YOUR ASSIGNMENT – Output, exactly and with no pictures, the line that contains "A map depicting" and every line that comes after it in the data below, the last one included.

RAW DATA –
..........
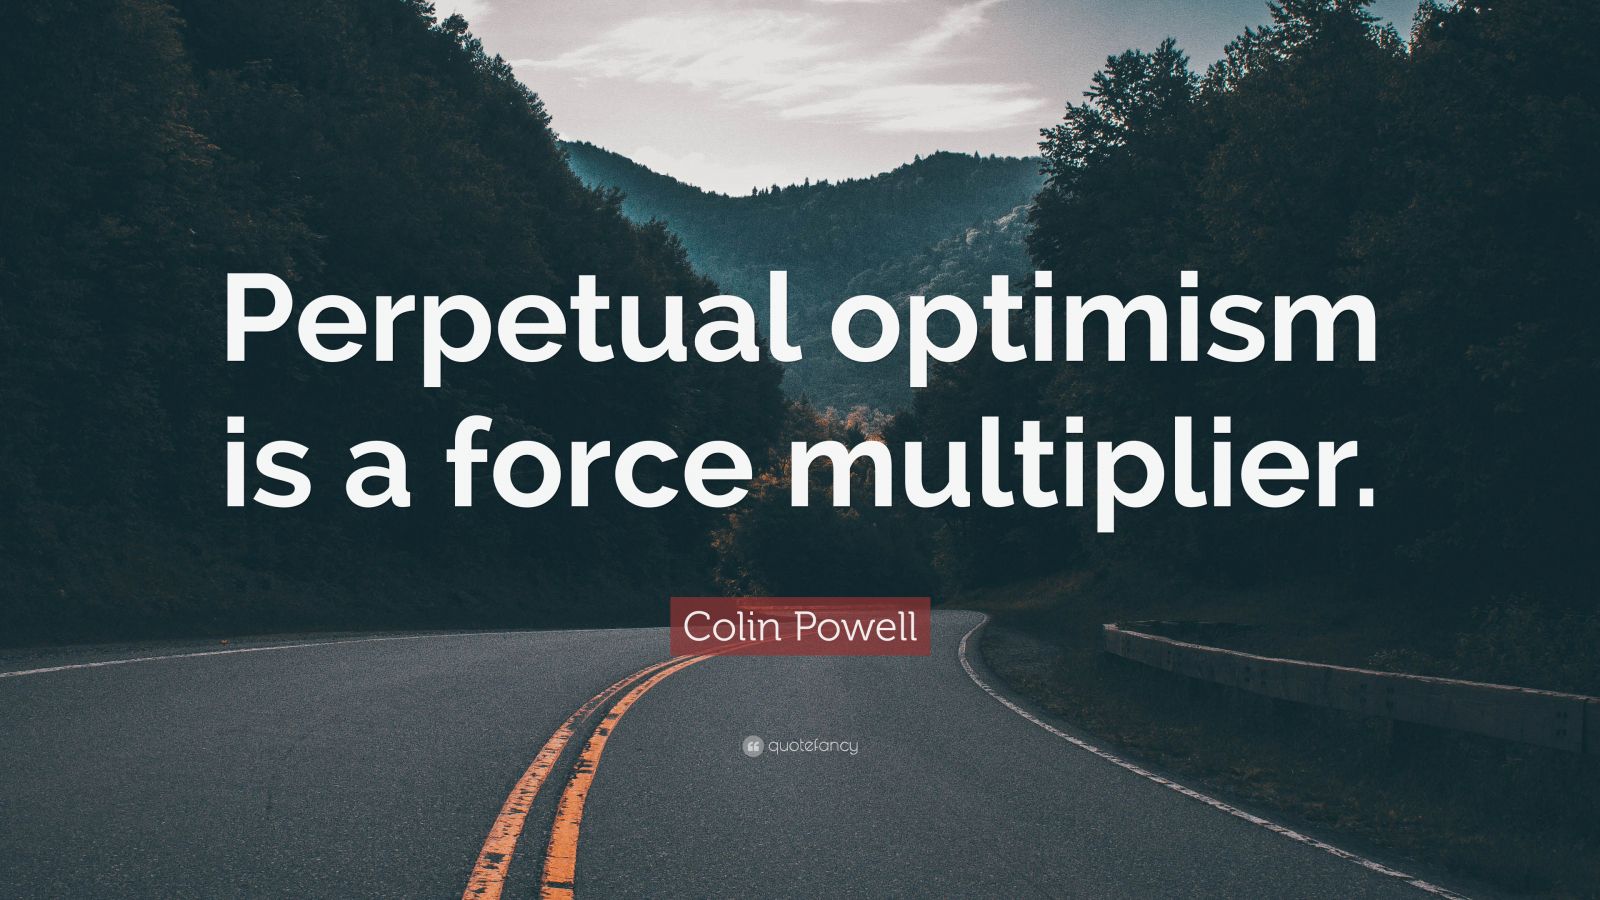 perpetual optimism meaning in hindi
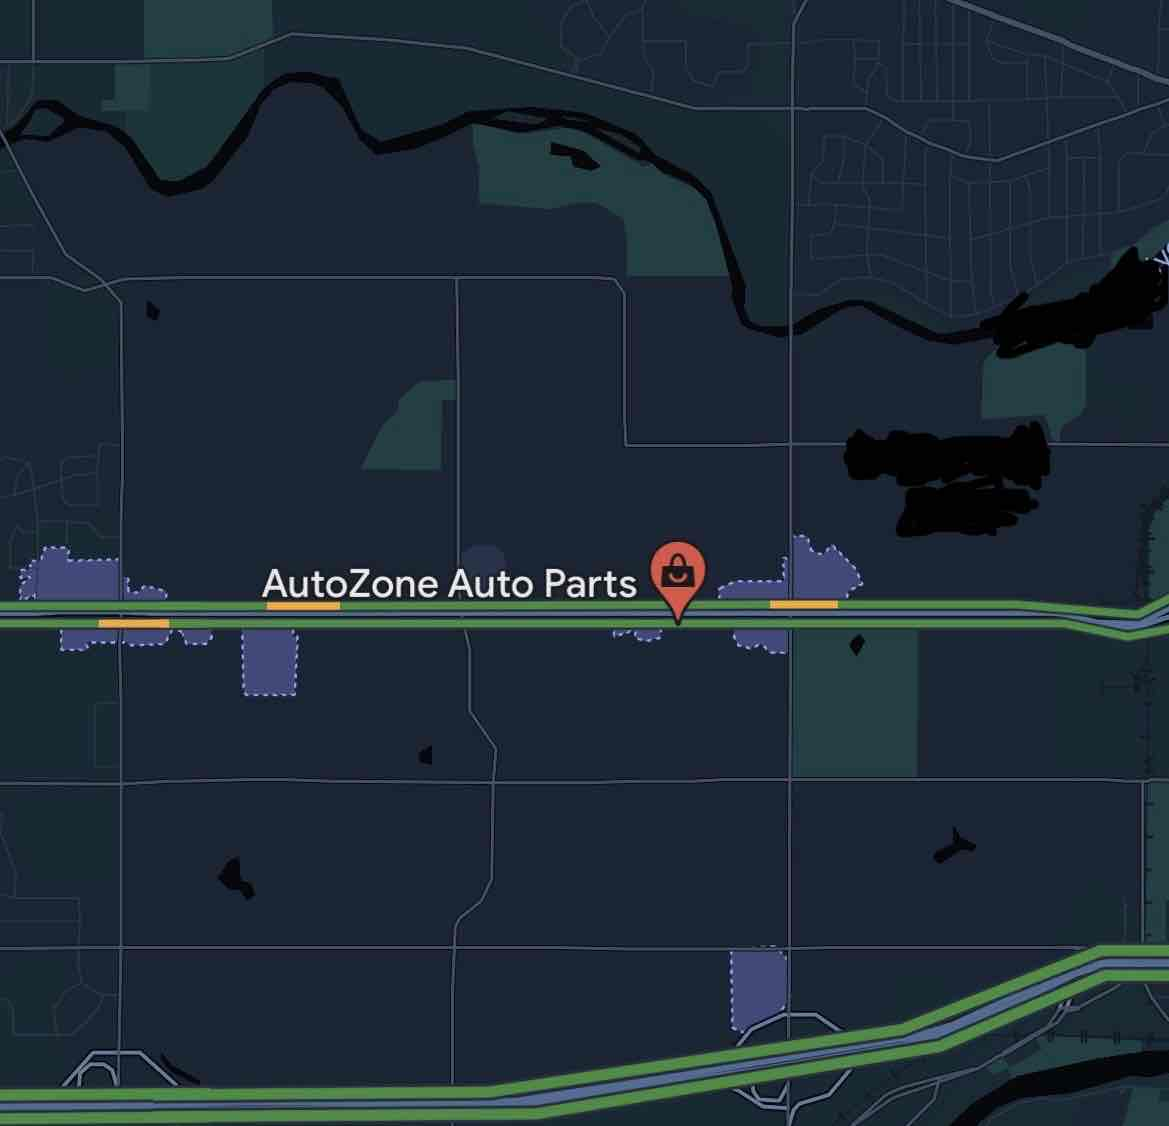 A map depicting an icon for Auto Zone on a straight section of road with no cross streets or curves.
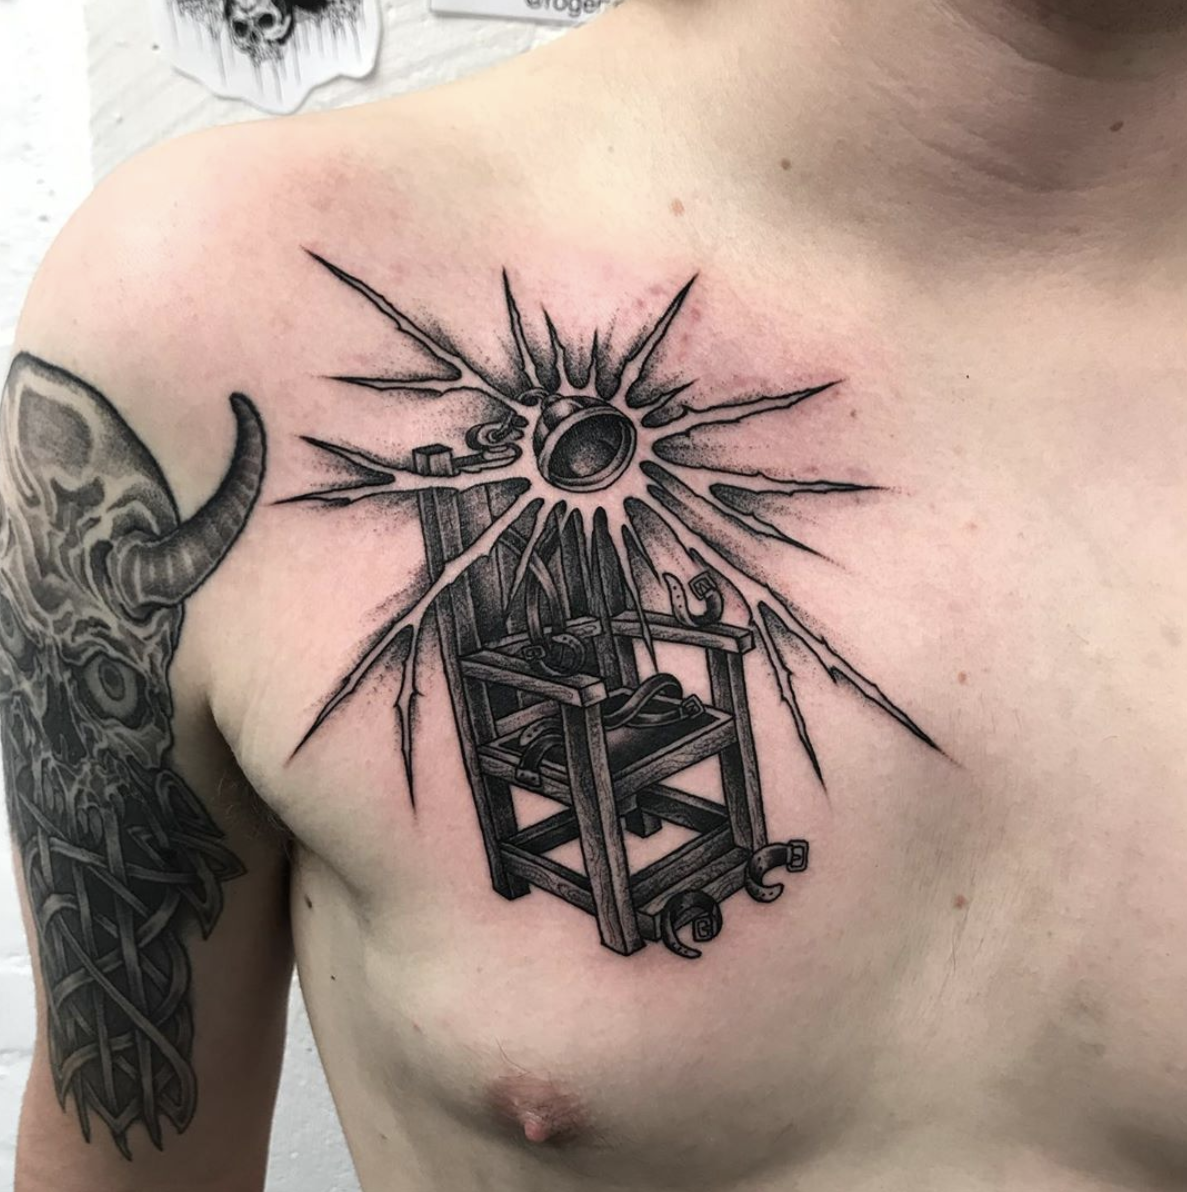 Black Onyx Empire Tattoo - Electric chair⚡️ by @swoiyuken • He's available  for bookings!📆 | Facebook
..........
FINISHED TASK –
 A map depicting an icon for Auto Zone on a straight section of road with no cross streets or curves.
 Black Onyx Empire Tattoo - Electric chair⚡️ by @swoiyuken • He's available  for bookings!📆 | Facebook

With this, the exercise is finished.